# WARNING VERY GRAPHIC ~ the inside training of the Tennessee walking horse



## Skyseternalangel (Jul 23, 2011)

I'm really hesitant to watch... but will give it a go.

Omg give me a ****ing stick, I'll beat some sense into them!!

Those poor horses... urgh........that made me feel so nauseous.. and angry. 

:/


----------



## Duren (Oct 25, 2011)

THAT IS DESPICABLE.

Keep in mind though that those clips are from one training stable. You cant condemn all for the actions of one.

But on another note I'll like a few minutes alone with anyone involved with that stable. Some gasoline or anything caustic...and maybe some chains.

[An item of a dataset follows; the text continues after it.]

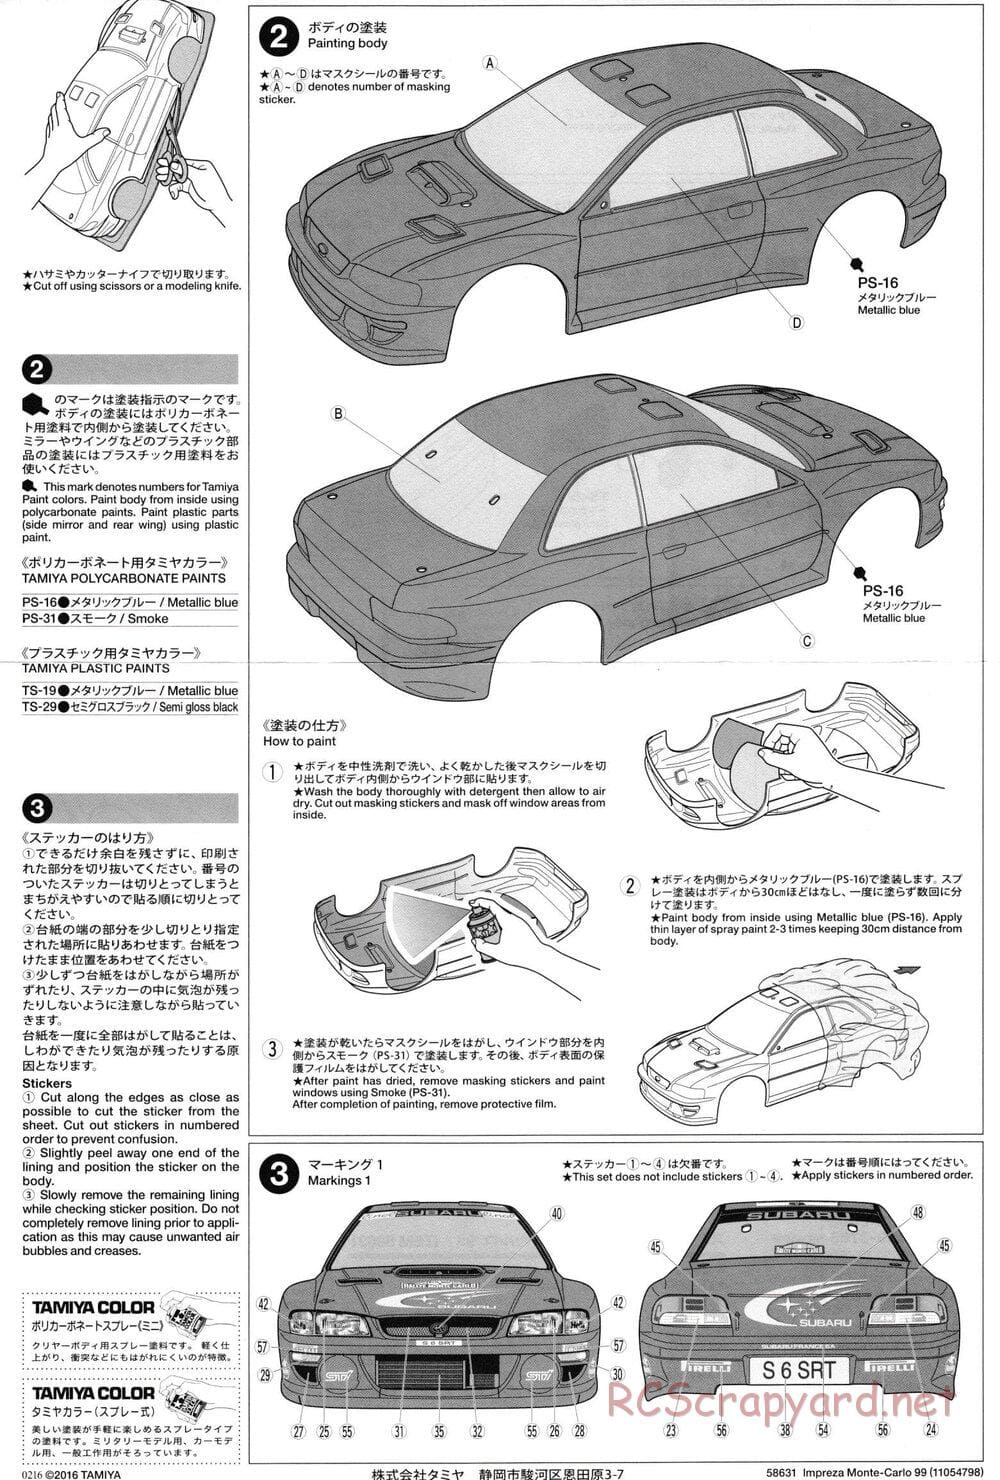 Tamiya - Subaru Impreza Monte-Carlo 99 - TT-02 Chassis - Body Manual - Page 2
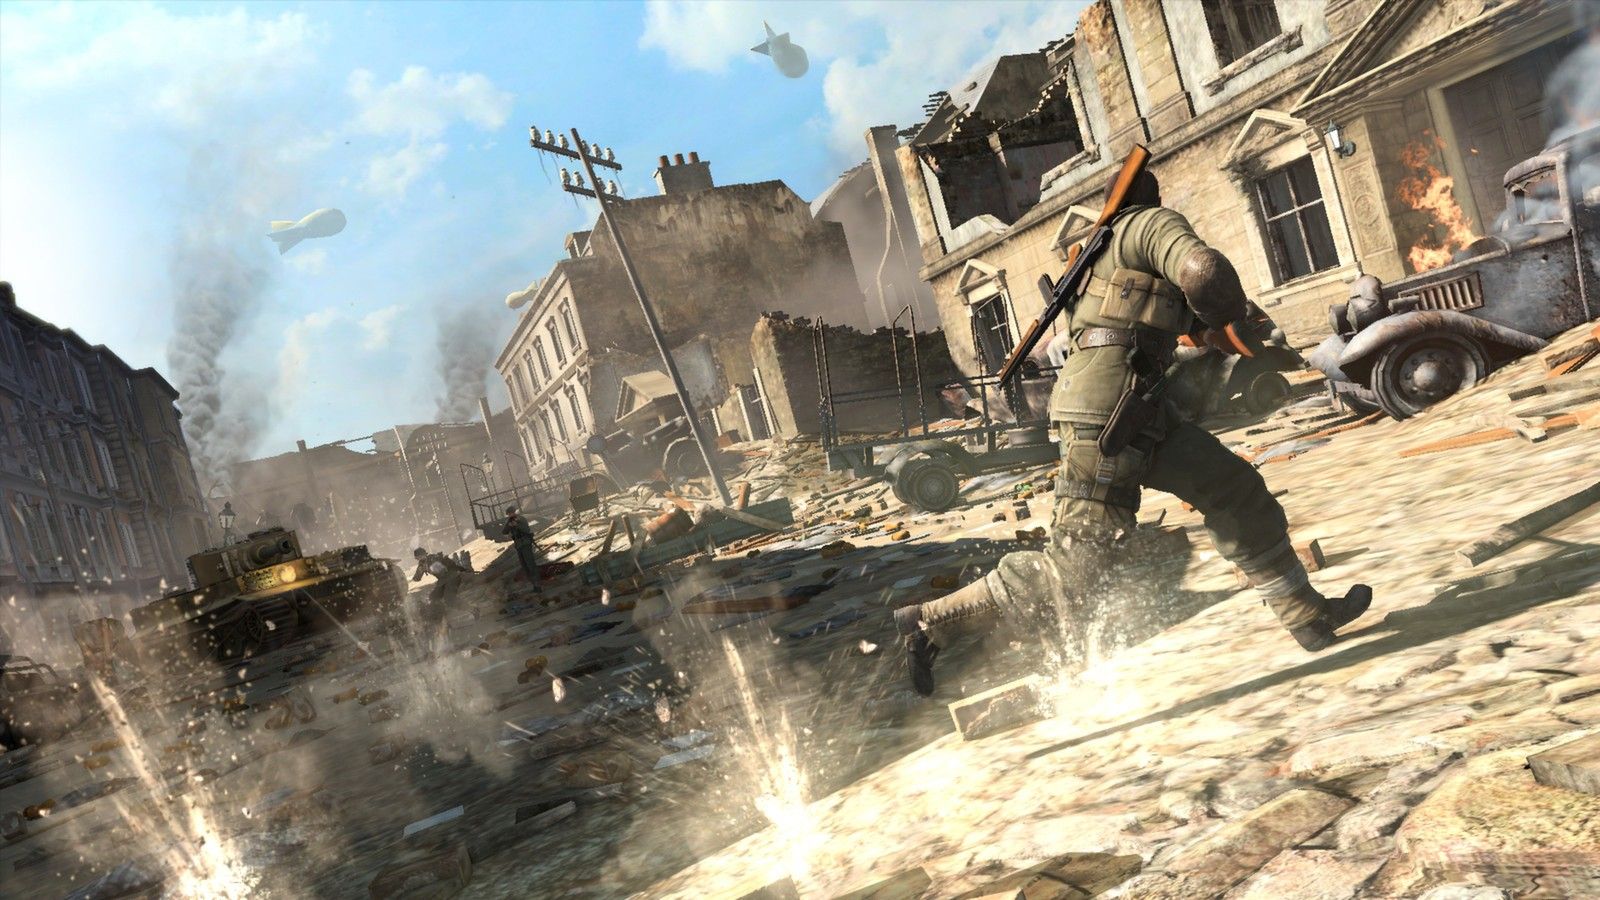 Rebellion is Putting Players Back Behind Enemy Lines in Remastered 'Sniper Elite V2'

Yup, that'll do.


----------



## franknbeans (Jun 7, 2007)

This is the same video that has been posted a couple of times and there are other threads about this abuse.......just FYI.


----------



## Skyseternalangel (Jul 23, 2011)

franknbeans said:


> This is the same video that has been posted a couple of times and there are other threads about this abuse.......just FYI.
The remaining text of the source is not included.